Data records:

----------------

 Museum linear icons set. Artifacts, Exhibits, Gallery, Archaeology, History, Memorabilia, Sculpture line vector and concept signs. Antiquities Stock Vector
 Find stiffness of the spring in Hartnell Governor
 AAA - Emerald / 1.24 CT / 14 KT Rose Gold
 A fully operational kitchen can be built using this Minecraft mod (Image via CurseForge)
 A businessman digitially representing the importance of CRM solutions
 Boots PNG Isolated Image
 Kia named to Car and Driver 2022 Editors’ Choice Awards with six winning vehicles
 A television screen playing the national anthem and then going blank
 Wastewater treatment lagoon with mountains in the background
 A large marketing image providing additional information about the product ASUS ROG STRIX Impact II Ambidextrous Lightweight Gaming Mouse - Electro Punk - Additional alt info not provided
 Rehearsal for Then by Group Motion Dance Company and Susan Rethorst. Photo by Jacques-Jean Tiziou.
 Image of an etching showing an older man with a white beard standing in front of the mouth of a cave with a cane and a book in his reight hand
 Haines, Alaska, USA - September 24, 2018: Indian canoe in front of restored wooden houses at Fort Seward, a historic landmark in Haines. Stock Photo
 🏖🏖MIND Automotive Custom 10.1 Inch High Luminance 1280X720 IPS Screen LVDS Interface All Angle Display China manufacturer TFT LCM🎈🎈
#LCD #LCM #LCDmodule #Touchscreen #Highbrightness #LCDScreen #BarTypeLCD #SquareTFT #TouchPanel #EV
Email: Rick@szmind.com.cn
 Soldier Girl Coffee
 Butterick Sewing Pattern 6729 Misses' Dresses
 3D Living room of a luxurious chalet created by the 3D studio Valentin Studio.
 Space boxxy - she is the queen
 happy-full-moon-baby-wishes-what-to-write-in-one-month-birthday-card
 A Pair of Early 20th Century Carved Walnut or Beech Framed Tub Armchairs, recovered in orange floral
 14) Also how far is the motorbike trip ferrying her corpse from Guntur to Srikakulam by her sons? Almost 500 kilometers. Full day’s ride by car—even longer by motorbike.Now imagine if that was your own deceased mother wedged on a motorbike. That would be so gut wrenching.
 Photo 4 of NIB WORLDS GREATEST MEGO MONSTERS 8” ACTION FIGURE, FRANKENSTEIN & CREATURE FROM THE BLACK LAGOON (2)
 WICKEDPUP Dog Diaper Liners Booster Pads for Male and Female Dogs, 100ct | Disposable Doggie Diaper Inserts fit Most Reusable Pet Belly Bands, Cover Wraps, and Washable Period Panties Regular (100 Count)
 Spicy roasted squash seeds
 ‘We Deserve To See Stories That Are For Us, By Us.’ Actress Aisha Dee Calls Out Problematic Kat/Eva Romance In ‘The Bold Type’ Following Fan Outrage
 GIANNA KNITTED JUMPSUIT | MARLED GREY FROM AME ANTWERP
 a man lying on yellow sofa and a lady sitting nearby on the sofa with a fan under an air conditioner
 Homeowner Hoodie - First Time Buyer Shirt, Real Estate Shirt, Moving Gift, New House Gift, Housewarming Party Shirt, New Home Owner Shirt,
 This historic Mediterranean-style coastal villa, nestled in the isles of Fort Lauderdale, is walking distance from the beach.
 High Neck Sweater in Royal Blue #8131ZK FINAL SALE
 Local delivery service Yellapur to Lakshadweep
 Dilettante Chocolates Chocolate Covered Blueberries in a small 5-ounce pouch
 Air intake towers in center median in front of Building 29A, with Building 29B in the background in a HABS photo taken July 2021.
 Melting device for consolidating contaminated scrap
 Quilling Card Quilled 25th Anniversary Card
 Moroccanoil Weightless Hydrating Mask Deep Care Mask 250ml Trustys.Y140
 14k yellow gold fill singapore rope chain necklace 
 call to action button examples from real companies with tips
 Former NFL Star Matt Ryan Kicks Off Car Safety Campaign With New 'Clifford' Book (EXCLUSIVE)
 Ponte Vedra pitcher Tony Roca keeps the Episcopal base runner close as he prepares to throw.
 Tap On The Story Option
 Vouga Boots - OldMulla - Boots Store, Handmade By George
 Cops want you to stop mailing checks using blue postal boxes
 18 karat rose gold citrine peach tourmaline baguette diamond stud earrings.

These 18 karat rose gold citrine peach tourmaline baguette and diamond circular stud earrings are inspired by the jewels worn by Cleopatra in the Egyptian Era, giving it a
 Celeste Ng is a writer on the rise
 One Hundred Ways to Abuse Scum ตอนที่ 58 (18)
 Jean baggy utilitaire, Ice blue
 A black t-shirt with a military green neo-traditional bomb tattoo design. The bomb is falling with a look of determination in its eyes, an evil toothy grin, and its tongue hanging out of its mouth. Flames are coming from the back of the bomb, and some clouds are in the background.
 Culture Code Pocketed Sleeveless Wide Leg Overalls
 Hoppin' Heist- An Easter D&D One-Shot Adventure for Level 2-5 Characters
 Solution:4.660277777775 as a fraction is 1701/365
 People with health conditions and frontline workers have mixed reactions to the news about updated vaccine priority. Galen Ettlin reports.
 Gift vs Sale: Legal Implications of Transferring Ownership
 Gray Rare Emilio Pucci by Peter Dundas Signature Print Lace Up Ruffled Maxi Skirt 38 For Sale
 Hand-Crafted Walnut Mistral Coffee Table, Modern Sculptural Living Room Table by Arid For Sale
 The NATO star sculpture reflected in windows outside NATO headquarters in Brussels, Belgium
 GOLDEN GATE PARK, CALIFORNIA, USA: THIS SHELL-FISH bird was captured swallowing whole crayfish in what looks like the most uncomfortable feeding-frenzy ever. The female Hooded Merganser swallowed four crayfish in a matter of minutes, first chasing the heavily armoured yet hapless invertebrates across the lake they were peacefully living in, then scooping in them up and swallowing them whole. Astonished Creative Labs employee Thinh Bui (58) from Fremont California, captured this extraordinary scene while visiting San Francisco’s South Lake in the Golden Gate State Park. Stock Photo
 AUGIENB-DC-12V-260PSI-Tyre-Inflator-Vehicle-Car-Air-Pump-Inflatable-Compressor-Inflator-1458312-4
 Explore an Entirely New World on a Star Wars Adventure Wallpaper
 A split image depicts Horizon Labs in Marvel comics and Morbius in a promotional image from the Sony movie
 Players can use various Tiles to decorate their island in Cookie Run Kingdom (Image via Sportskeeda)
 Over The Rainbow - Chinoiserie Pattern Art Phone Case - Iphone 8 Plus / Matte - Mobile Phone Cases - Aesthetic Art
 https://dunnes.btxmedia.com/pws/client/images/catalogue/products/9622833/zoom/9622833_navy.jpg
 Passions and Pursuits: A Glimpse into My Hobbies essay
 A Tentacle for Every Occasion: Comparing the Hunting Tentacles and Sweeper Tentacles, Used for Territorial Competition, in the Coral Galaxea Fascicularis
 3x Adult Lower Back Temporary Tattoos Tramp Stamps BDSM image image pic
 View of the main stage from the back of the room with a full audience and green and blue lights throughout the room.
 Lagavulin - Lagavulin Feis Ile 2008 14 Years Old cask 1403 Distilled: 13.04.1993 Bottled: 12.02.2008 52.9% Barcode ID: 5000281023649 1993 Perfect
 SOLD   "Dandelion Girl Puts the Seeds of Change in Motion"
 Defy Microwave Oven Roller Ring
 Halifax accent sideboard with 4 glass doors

----------------

WHAT YOU HAVE TO DO: From the entries above, restate word for word the lines from the line containing "Wastewater treatment lagoon" to the line containing "Rehearsal for Then", both ends included, and nothing more.

TASK ANSWER:
 Wastewater treatment lagoon with mountains in the background
 A large marketing image providing additional information about the product ASUS ROG STRIX Impact II Ambidextrous Lightweight Gaming Mouse - Electro Punk - Additional alt info not provided
 Rehearsal for Then by Group Motion Dance Company and Susan Rethorst. Photo by Jacques-Jean Tiziou.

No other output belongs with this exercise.